Can you provide an example of what you mean by this? I provide very verbose prompts where I know what needs to be done and just let AI “do” the work. I’m curious how this is different?
Sonnet 3.7 and O1 Pro both have 200K context windows. But O1 Pro has a 100K output window, and Sonnet 3.7 has a 128K output window. Point for Sonnet.
I routinely put about 100K + of context into Sonnet 3.7 in the form of source code, and in the Extended mode, given the right prompt, it will output perhaps 20 large source files before having to make a "continue" request (for example if it's asked to convert a web app from templates to React).
I'm curious whether O1 Pro actually exceeds Sonnet 3.7 in Extended mode for coding or not. Looking forward to seeing some benchmarks.
I am very curious how 3.7 and o1 pro perform in this regard:
> We evaluate 12 popular LLMs that claim to support contexts of at least 128K tokens. While they perform well in short contexts (<1K), performance degrades significantly as context length increases. At 32K, for instance, 10 models drop below 50% of their strong short-length baselines. Even GPT-4o, one of the top-performing exceptions, experiences a reduction from an almost-perfect baseline of 99.3% to 69.7%.
Anyone ever tries to restructure a 10K text? For example, structure a 45min - 1hr interview transcript in an organized way without losing any detailed numbers / facts / supporting evidence. I find that none of OpenAI's model is capable of this task. Models are trying to summarize and omitting details. I think such task does not require much intelligence, but surprisingly OpenAI's "large" context model cannot make it.
There actually were almost no benchmarks for o1 pro before because it wasn't on the API. o1 pro is a different model from o1 (yes, even o1 with high reasoning).

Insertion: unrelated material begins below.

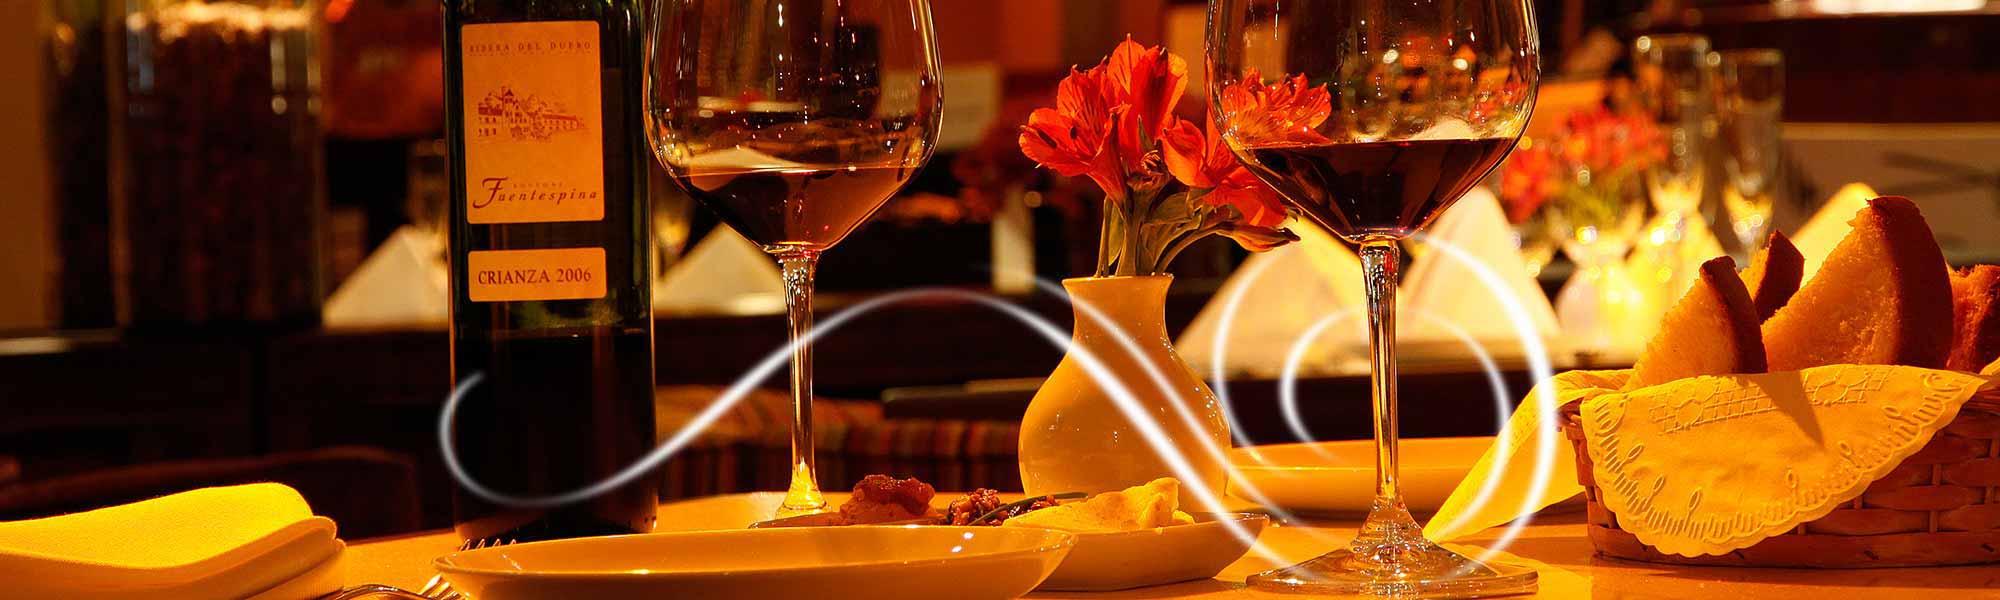 Eventos - Vindouro Restaurante e Bistrô - Curitiba

I regularly push 100k+ tokens into it. So most of my code base/large portions. I use the Repo Prompt product to construct the code prompts. It finds bugs and solutions at a rate that is far better than others. I also speak into the prompt to describe my problem, and find spoken language is interpreted very well.
I also frequently download all the source code of libraries I am debugging, and when running into issues, pass that code in along with my own broken code. Its very good
How long is it's thinking time when compared to o1?
The naming would suggest that o1-pro is just o1 with more time to reason. The API pricing makes that less obvious. Are they charging for the thinking tokens? If so, why is it so much more expensive if there are just more thinking tokens anyways?
I think o1 pro runs multiple instances of o1 in parallel and selects the best answer, or something of the sort. And you do actually always pay for thinking models with all providers, OpenAI included. It's especially interesting if you remember the fact that OpenAI hides the CoT from you, so you're in fact getting billed for "thinking" that you can't even read yourself.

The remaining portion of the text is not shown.